Co-create

Street Works applies MJN’s 3 values — justice, loving care, and solidarity — to make justice normal in the cultural asset ecosystem. (Read more here about why we're focused in this particular program on the cultural asset ecosystem.) Co-creation is one of its design principles.

We co-create with audiences and commit to authentically sharing power with audiences as an embodiment of democracy. (Collaboration with fellow artists is also important but not the same thing.)

We design processes as art forms and accept that final “products” might not be seen or might be collectively owned by many.
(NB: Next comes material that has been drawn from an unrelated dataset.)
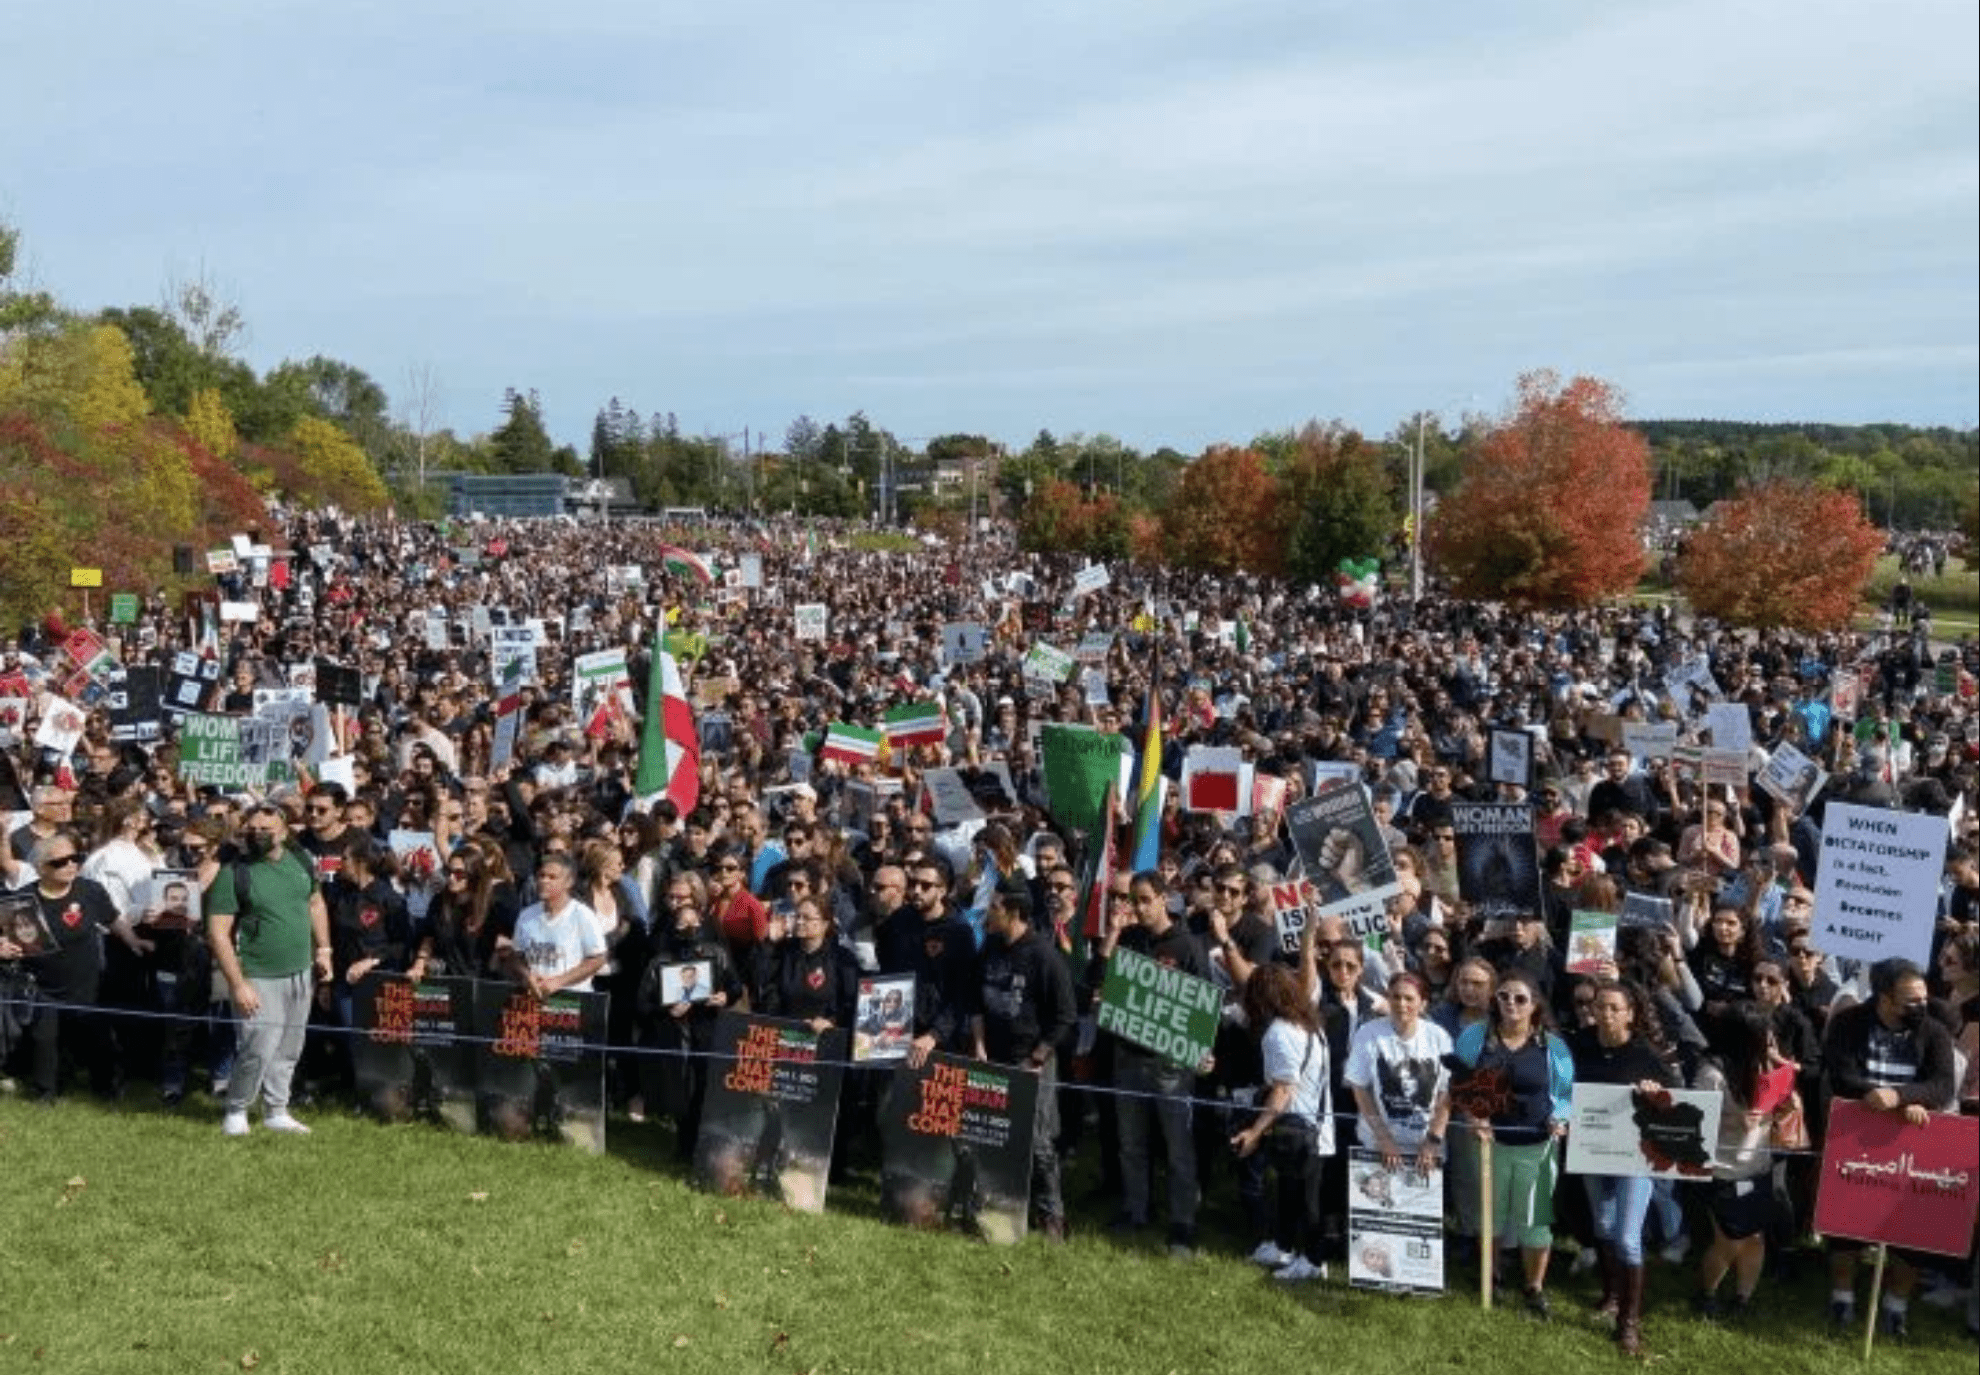 بیش از 50 هزار نفر در ریچموندهیل، انتاریو علیه حکومت ایران اعتراض کردند

What do we mean by co-creation?

We're all familiar with looking at a painting on the wall, watching and/or listening to a musician, dancer, or actor on stage, or passively absorbing art and culture. Many of us have also seen arts that are more interactive. Maybe you can touch the object or climb on it. Maybe it responds to you.

Co-creation represents a third, often overlooked art form in which the participant isn't just interacting with an object, song, or performance; they're changing it. While the artist might be critical to design, they are not really the sole author of the final work.

Why do we prioritize co-creation?

We love taking in artwork as receivers of ideas. But the established presenters of the cultural asset ecosystem are dangerous arbiters of cultural value, and that cultural power is usually in the hands of a very small group of people who are influenced by money. With their colonial histories, museums have reinforced racist worldviews, dehumanized other cultures, and contributed to wealth gaps. Still, 60% of arts funding went to 2% of large museums in 2017. All of these things go against characteristics of just systems.

Co-creative arts aren't a magic cure, but they are one way to bring the practice of justice deeper into any medium — from sculpture and film to painting, curation, and institution design. They push the creator to center and share power with the audience and accept that the outcome will probably look somewhat different than you wanted.

It seems like a small thing, but this is how we get close to feeling democracy as a joyful act. We witness our actions contributing to a collective thing that has its own beauty. It's creative, fulfilling and fun. It might be a little bit hard, but not so hard to be out of reach. And that object is precious, in a totally different way.

This is a gateway to bigger democratic action. Those of us that are jaded by democracy can build our own sense of power in small acts that can get bigger. If we design the right feedback loops and build positive connection throughout that process, it's a hop, skip, and a jump to seeing civic actions as an art form.